You are on-call for an infrastructure service that has a large number of dependent systems. You receive an alert indicating that the service is failing to serve most of its requests and all of its dependent systems with hundreds of thousands of users are affected. As part of your Site Reliability Engineering (SRE) incident management protocol, you declare yourself Incident Commander (IC) and pull in two experienced people from your team as Operations Lead (OL) and Communications Lead (CL). What should you do next?
A. Look for ways to mitigate user impact and deploy the mitigations to production.
B. Contact the affected service owners and update them on the status of the incident.
C. Establish a communication channel where incident responders and leads can communicate with each other.
D. Start a postmortem, add incident information, circulate the draft internally, and ask internal stakeholders for input.
Disclaimer
This is a practice question. There is no guarantee of coming this question in the certification exam.
Answer
C
Explanation
A. Look for ways to mitigate user impact and deploy the mitigations to production.
(It is also an important step but should be taken in parallel with establishing a communication channel.)
B. Contact the affected service owners and update them on the status of the incident.
(It is also important but should be done during the incident management process.)
C. Establish a communication channel where incident responders and leads can communicate with each other.
(https://sre.google/workbook/incident-response/
Prepare Beforehand
In addition to incident response training, it helps to prepare for an incident beforehand. Use the following tips and strategies to be better prepared.

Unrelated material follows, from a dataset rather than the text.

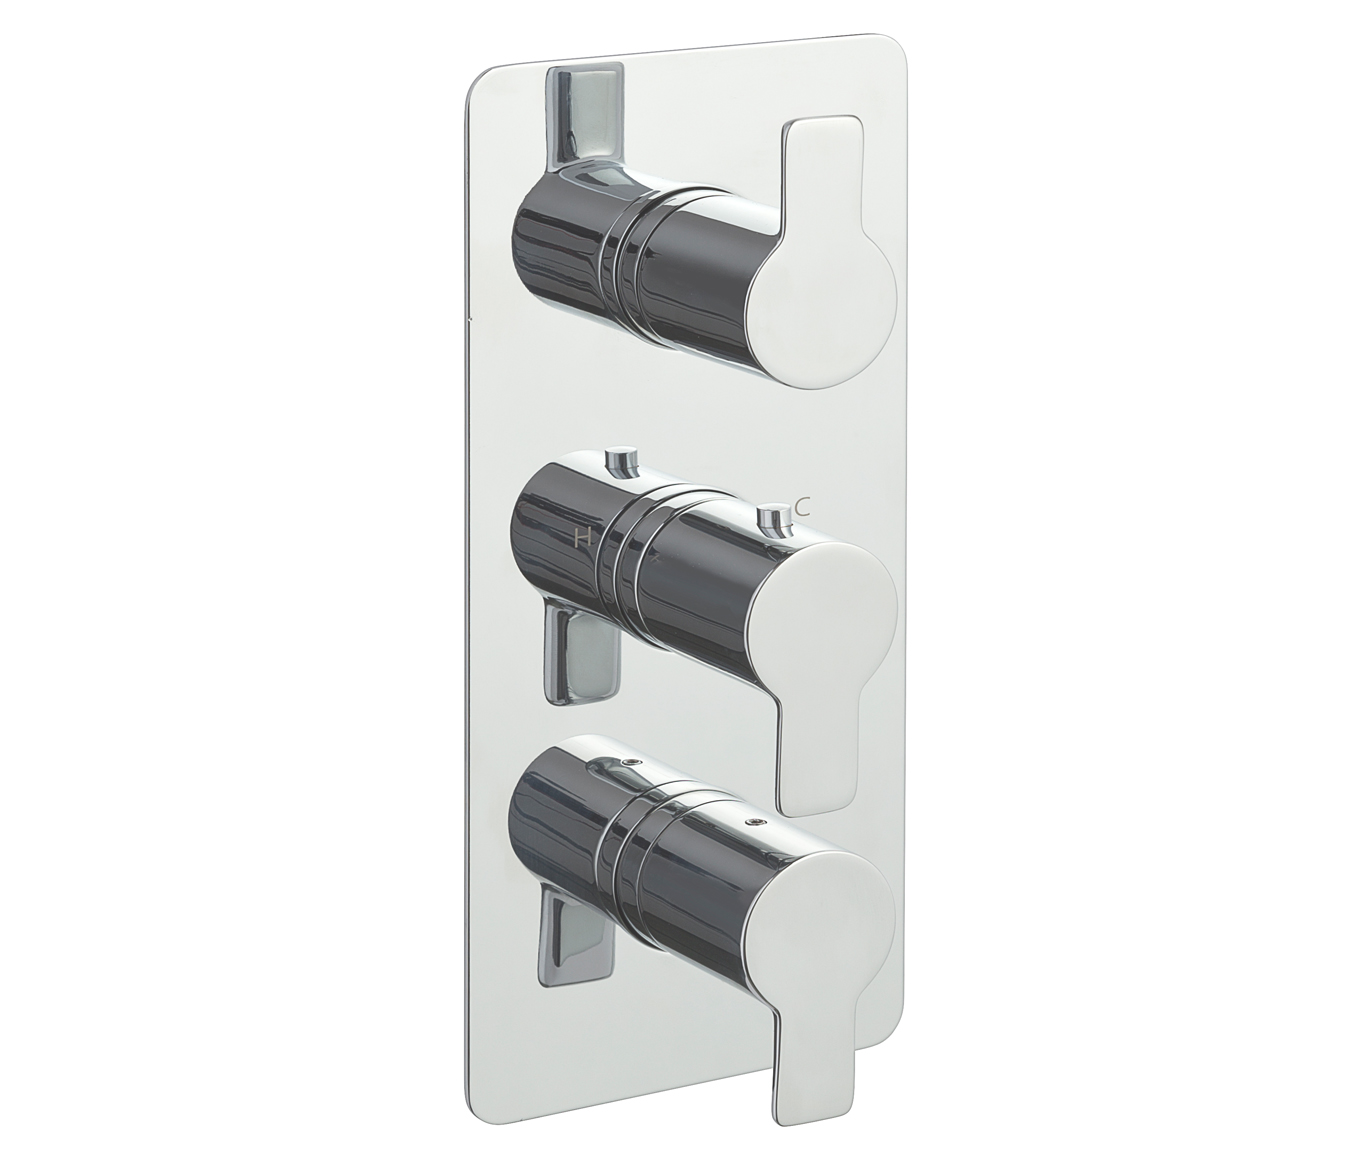 Amore 2 Outlets Thermostat 79690

Decide on a communication channel
Decide and agree on a communication channel [Slack, a phone bridge, IRC, HipChat, etc.] beforehand.
Keep your audience informed
Unless you acknowledge that an incident is happening and actively being addressed, people will automatically assume nothing is being done to resolve the issue. Similarly, if you forget to call off the response once the issue has been mitigated or resolved, people will assume the incident is ongoing. You can preempt this dynamic by keeping your audience informed throughout the incident with regular status updates. Having a prepared list of contacts (see the next tip) saves valuable time and ensures you don’t miss anyone.)
D. Start a postmortem, add incident information, circulate the draft internally, and ask internal stakeholders for input.
(It is important and should be done later once the incident is resolved.)